Notre envoyé spécial au Forum sur la Gouvernance de l'Internet, le président de l'ISOC France Sébastien Bachollet, nous fait pénétrer au cœur de cet évènement très centré sur les problématiques de gouvernance sur Internet.
1500 inscrits, plus de 1000 participants et une salle de 700 places pour assister à l’ouverture en grande pompe de cette première réunion du Forum sur la Gouvernance de l’Internet (FGI) qui se tient du 30 octobre au 2 novembre 2006 à Athènes.
La chasse au badge permettant d’avoir une chaise à rapidement nécessité de faire jouer ses réseaux. On pouvait, bien sur, assister à la retransmission dans une salle voisine mais alors pourquoi venir à Athènes puisqu’un système de retransmission par Internet est aussi mis en place ?
La matinée a été consacrée à l’ouverture officielle, très ounusienne, avec un accueil par le premier ministre grec, Konstantinos Karamanlis et l’intervention d’un certain nombre de responsables politiques, d’un "représentant" de la "société privée", d’une "représentante" de la "société civile" et des "pères" de l’Internet (ndr : l'ICANN a d'ailleurs immédiatement communiqué sur sa forte présence au FGI, publiant notamment le discours d'ouverture de Vint Cerf, le président du Conseil d'administration de l'ICANN).
Les patrons de l'ICANN sur le grill
Le représentant du secrétaire général de l’ONU, Nitin Desai, a affiché l’espoir que ce Forum permette une meilleure compréhension et partage des enjeux de la société de l’information. Ce message a été donné au nom de Kofi Annan (ndr : secrétaire général des Nations Unies) qui a conduit le processus du Sommet Mondial de la Société de l’Information (SMSI), de sa conception à la mise en place de ce Forum, et du Sud Coréen Ban Ki-Moon (ndr : le prochain secrétaire général - à partir du 1er janvier 2007).

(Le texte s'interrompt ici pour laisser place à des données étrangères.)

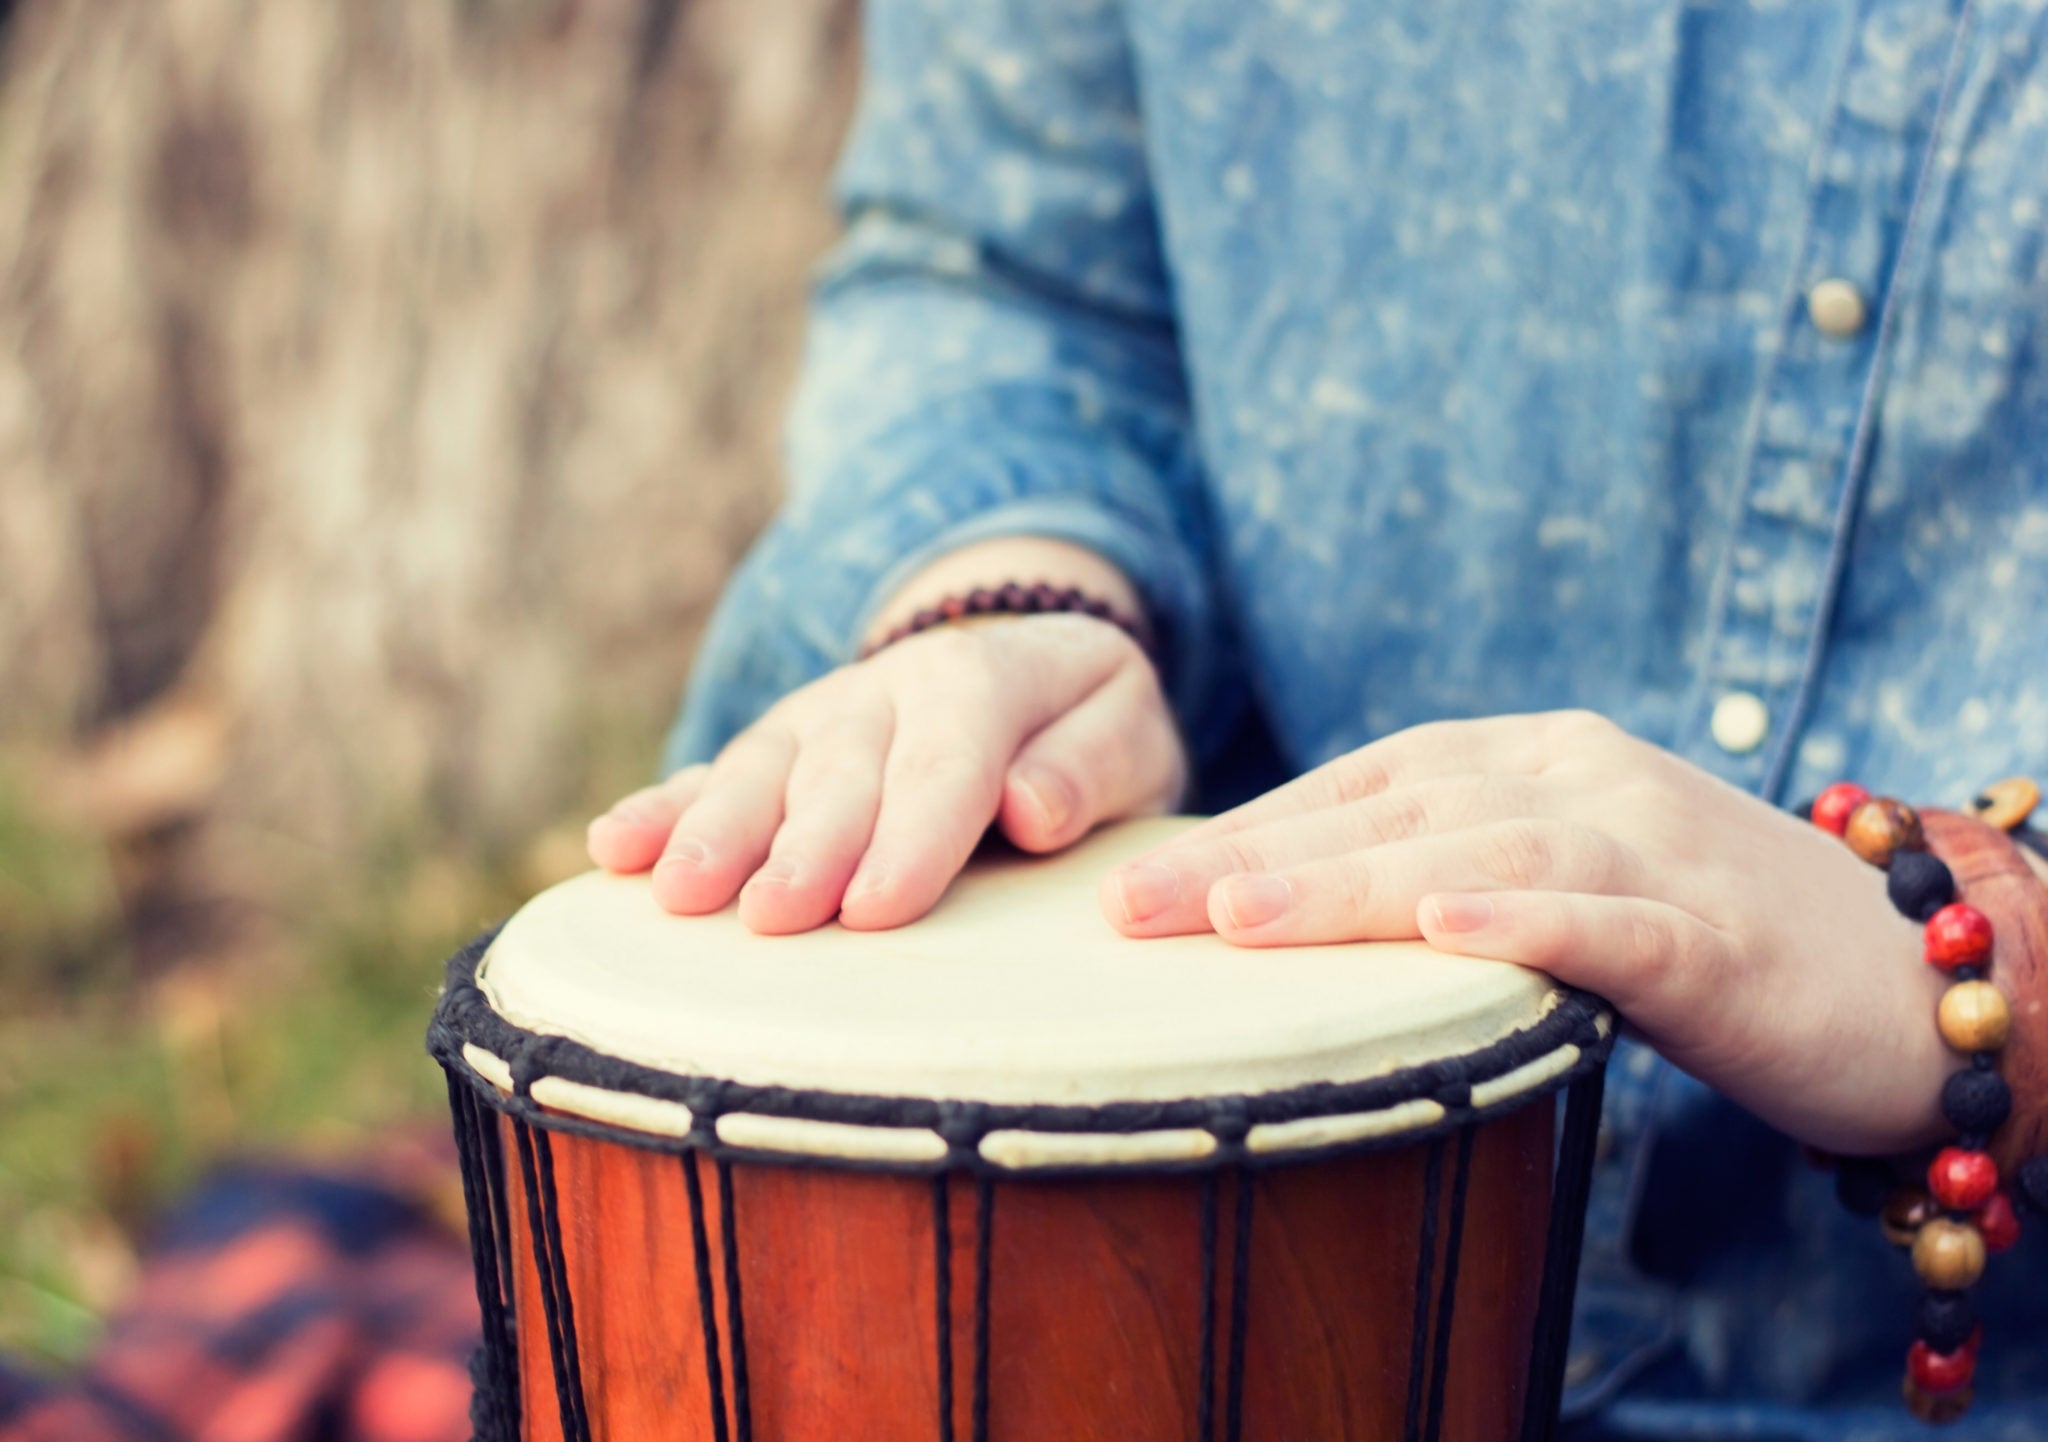 Drums Used In Music Therapy | Normans Blog

L’après-midi a donné lieu à un exercice plus difficile mais plus intéressant: A la tribune, 15 représentants des différents "stakeholders" devaient répondre aux questions de la salle et d’un animateur – journaliste à "The Economist".

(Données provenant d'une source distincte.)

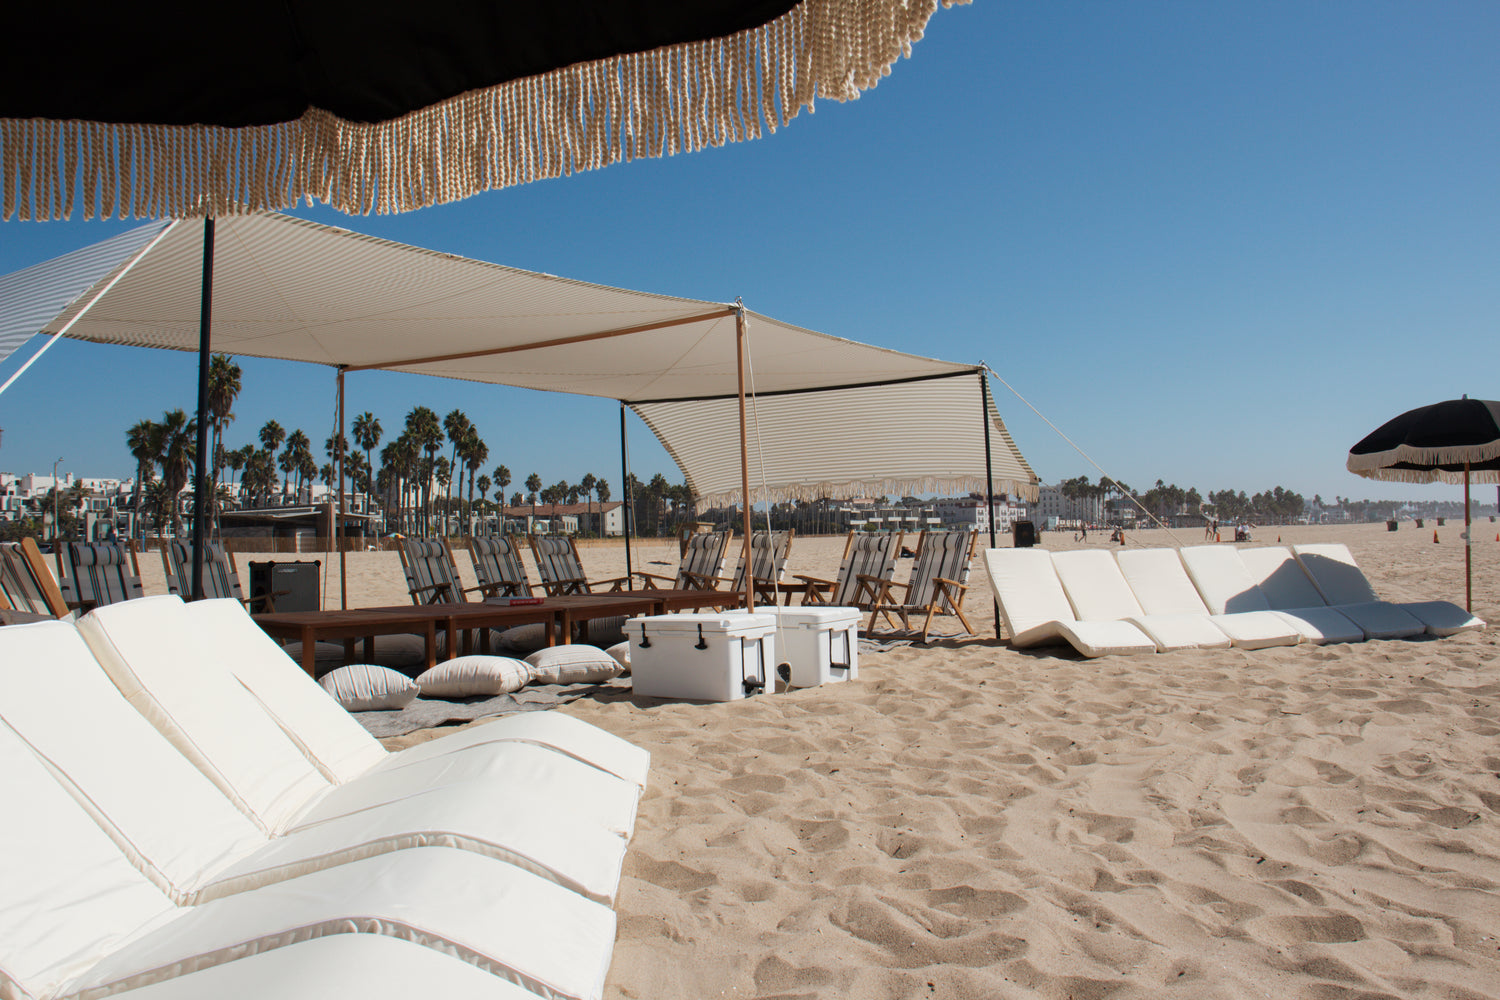 Large beach cabana rental in Los Angeles for corporate events and special events with beach chairs, beach lounges, beach umbrellas, and beach tent.

L’ICANN (comme les autres organisations existantes) ne devait pas être l’objet des débats, il faut croire que c’est un passage obligé ! Pour mieux l’oublier ? Beaucoup en on parlé même sans la nommer.
Le secrétaire général de l’Union Internationale des Télécommunications (UIT) Yoshio Utsumi a insisté, le matin, sur la nécessité d’une gestion locale de l’Internet remettant en cause la nécessité d’une gestion globale et internationale de celle-ci.
L’après-midi tant Vint Cerf que Paul Twomey (ndr : PDG de l'ICANN) ont été mis sur le grill.
Le premier pour expliquer pourquoi la mise en concurrence de l’ICANN obligerait la création d’une organisation de coordination pour assurer de l’unicité des adresses du réseau. Qu’y gagnerait-on ?
Refuser la présidence de l'ICANN
Puis question à Paul Twomey, qui en tant que représentant du gouvernement Australien puis comme président du GAC (Governmental Advisory Committee) et maintenant comme PDG a participé à l’ensemble de l’histoire de l’ICANN. "Avec le recul, quelles sont les deux choses qu'il ferait différemment ?"
Réponses : "Le processus de revue des décisions de l’ICANN aurait dû être mis en place plus rapidement et permettant de faire évoluer l’organisation aurait dû être prévu dès sa création. Et Twomey de finir avec un clin d’œil : ne devenez pas président de l’ICANN !"
Signalons enfin la participation de Bertrand de la Chapelle à la séance de l’après-midi comme envoyé spécial pour la société de l’information du ministère des affaires étrangères français.